Цзи Минчэнь остолбенел.

Он смотрел на неё, словно на явление из другого мира. И впервые подумал: Так вот как это выглядит – свобода?

Такой, наверное, и должна быть женщина. Гордой. Прямой. Живой.

Если бы только Ичэнь могла быть такой же уверенной в себе…

Поглощённый этими мыслями, он совсем забыл, что стоит на арене. Не выставил щит, не отвёл взгляд – и тут же поплатился: плеть рассекла воздух и с силой ударила его по руке.

Кожа на плече взорвалась алой полосой.

– Ваше Высочество! – раздались крики со всех сторон, стража бросилась вперёд.

Цзи Минчэнь очнулся.

Сжав зубы, взглянул на рану – и, не теряя ни секунды, поднял щит.

А затем, в ответ, нанёс удар – первый настоящий, уже не из вежливости, а всерьёз.

Он ответил ударом, не сдерживаясь. Не потому, что хотел причинить боль, а потому что внутри закипало: вызов есть вызов, но внезапная атака – вовсе не доблесть, а хитрость. Где уж тут честная схватка?

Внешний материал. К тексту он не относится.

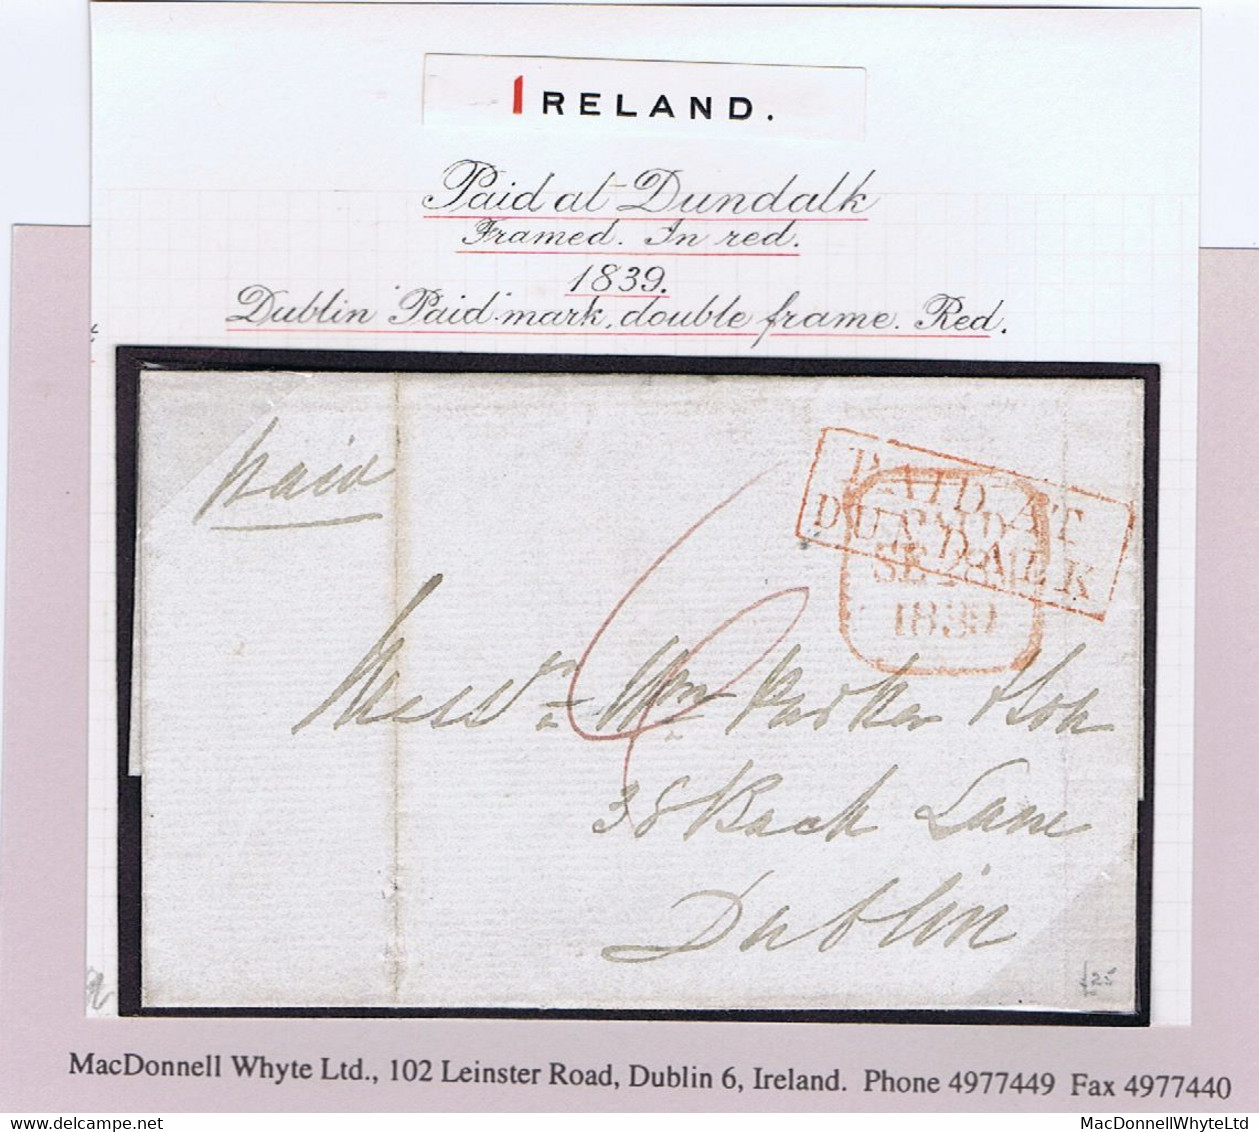 Ireland Louth 1839 Boxed 2-line PAID AT DUNDALK In Red On Cover To Dublin Prepaid Single "6" Sixpence 35 To 45 Miles - Préphilatélie

– Раз ты хотела поединка – так дерись по правилам, – пробурчал он себе под нос, вновь заходя в атаку.

У девчонки, надо признать, талант был. Движения – точные, тело – гибкое, но… годы, проведённые под началом таких наставников, как его отец и мать, не прошли для него даром. Она была юной. Она училась у мастеров, а он – у монархов.

И уже через несколько обменов она потеряла равновесие.